WORK INSTRUCTIONS
Copy the entries below verbatim, omitting any pictures they contain.

BEGIN

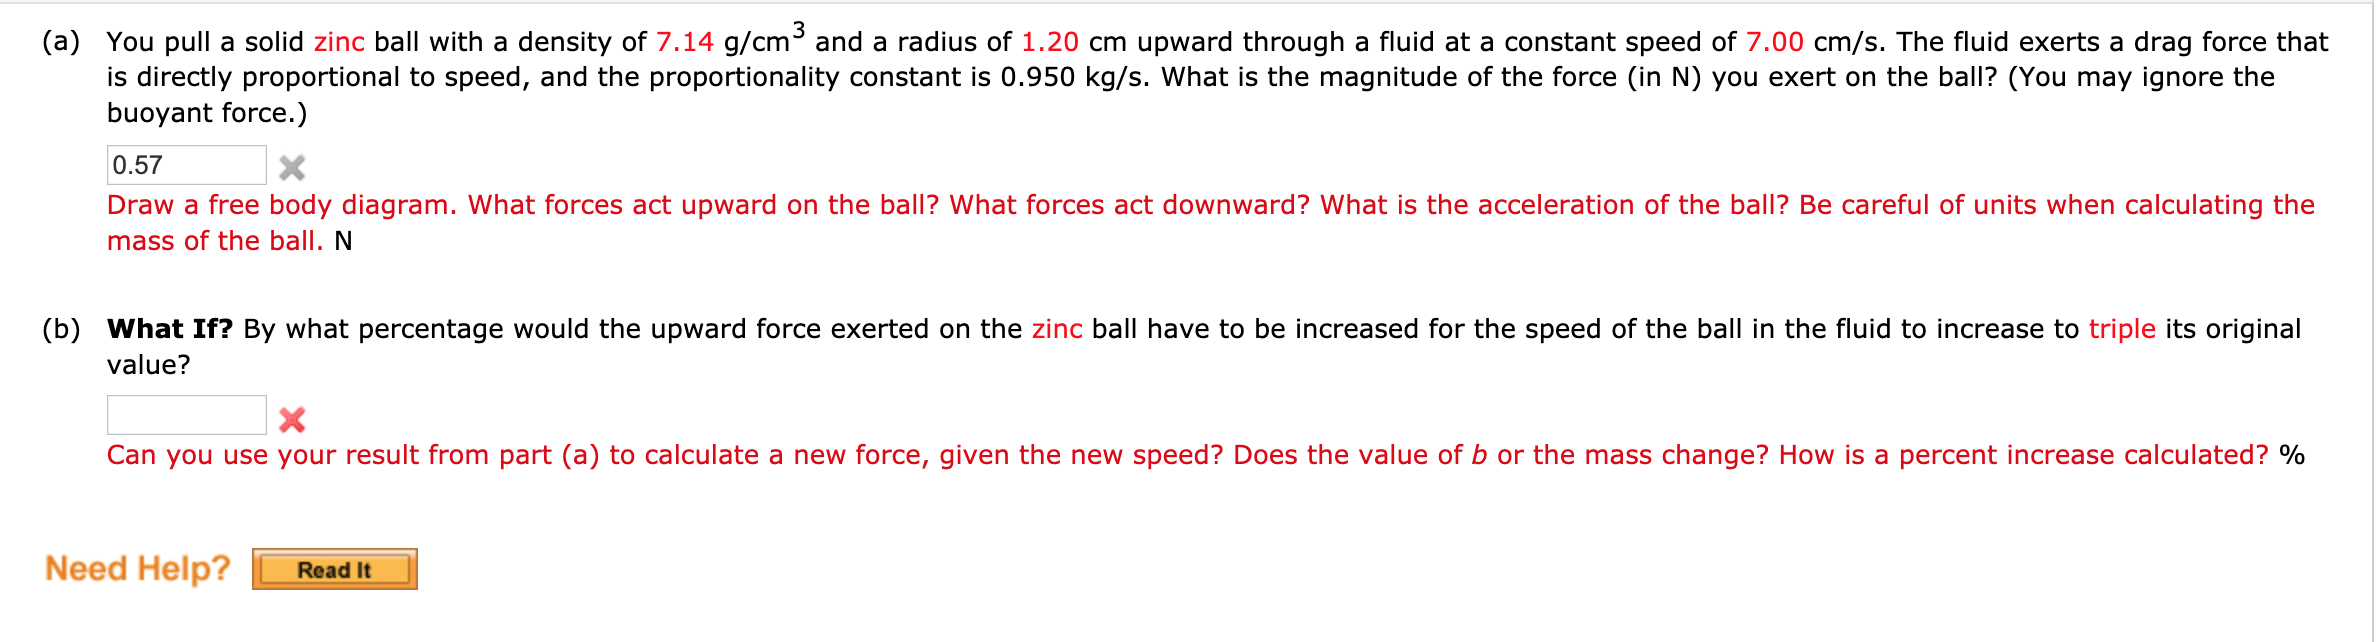 3
(a) You pull a solid zinc ball with a density of 7.14 g/cm and a radius of 1.20 cm upward through a fluid at a constant speed of 7.00 cm/s. The fluid exerts a drag force that
is directly proportional to speed, and the proportionality constant is 0.950 kg/s. What is the magnitude of the force (in N) you exert on the ball? (You may ignore the
buoyant force.)
0.57
X
Draw a free body diagram. What forces act upward on the ball? What forces act downward? What is the acceleration of the ball? Be careful of units when calculating the
mass of the ball. N
(b) What If? By what percentage would the upward force exerted on the zinc ball have to be increased for the speed of the ball in the fluid to increase to triple its original
value?
calculate a new force, given the new speed?
es the value of b or the mass change? How is a percent increase calculated? %
you use your result from part (a)
Need Help?
Read It
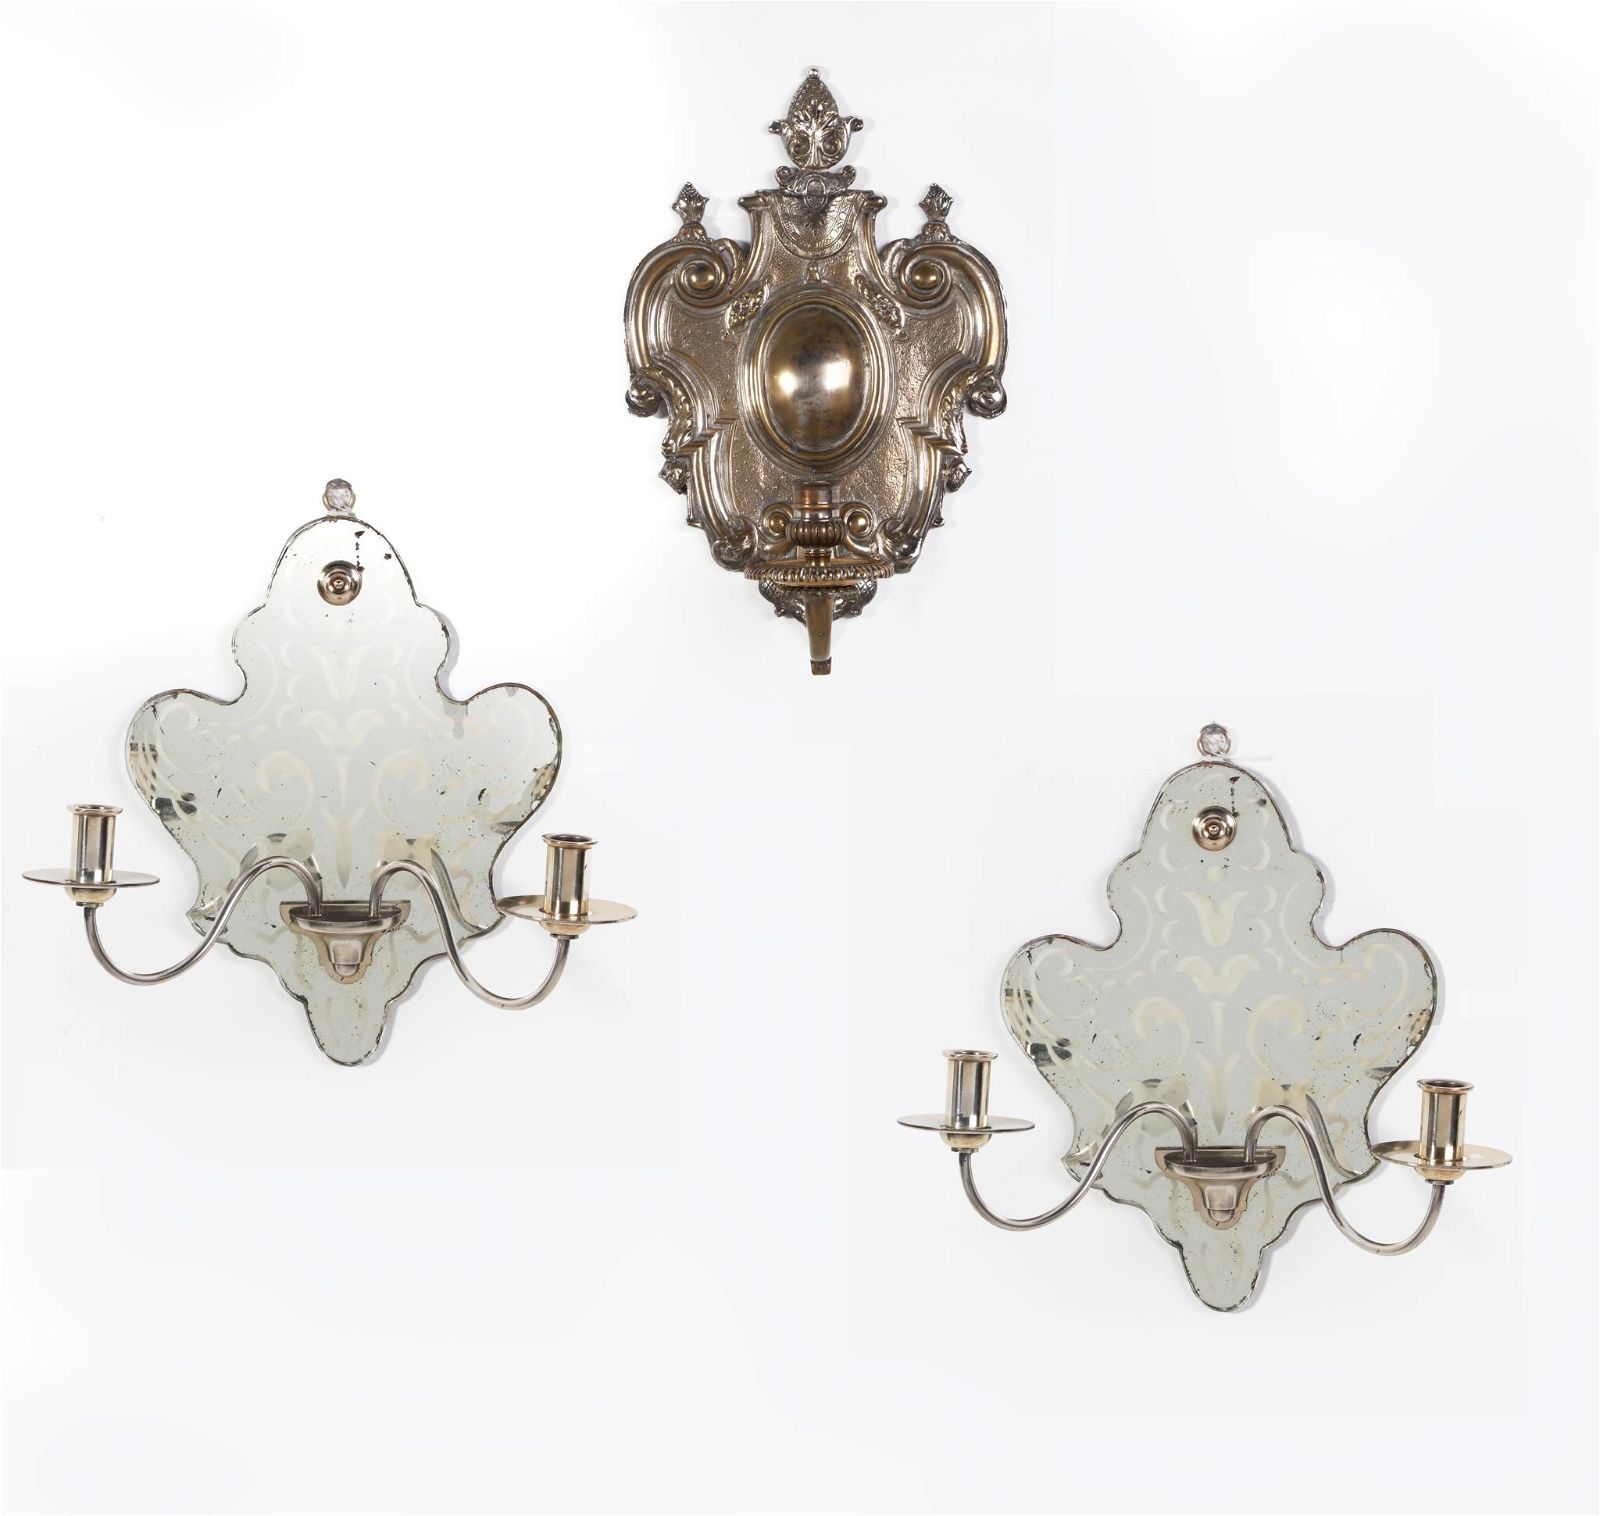 A PAIR OF BAROQUE STYLE WALL LIGHTS 2fb27b2

END

PROBLEM SOLUTION
 3
(a) You pull a solid zinc ball with a density of 7.14 g/cm and a radius of 1.20 cm upward through a fluid at a constant speed of 7.00 cm/s. The fluid exerts a drag force that
is directly proportional to speed, and the proportionality constant is 0.950 kg/s. What is the magnitude of the force (in N) you exert on the ball? (You may ignore the
buoyant force.)
0.57
X
Draw a free body diagram. What forces act upward on the ball? What forces act downward? What is the acceleration of the ball? Be careful of units when calculating the
mass of the ball. N
(b) What If? By what percentage would the upward force exerted on the zinc ball have to be increased for the speed of the ball in the fluid to increase to triple its original
value?
calculate a new force, given the new speed?
es the value of b or the mass change? How is a percent increase calculated? %
you use your result from part (a)
Need Help?
Read It
 A PAIR OF BAROQUE STYLE WALL LIGHTS 2fb27b2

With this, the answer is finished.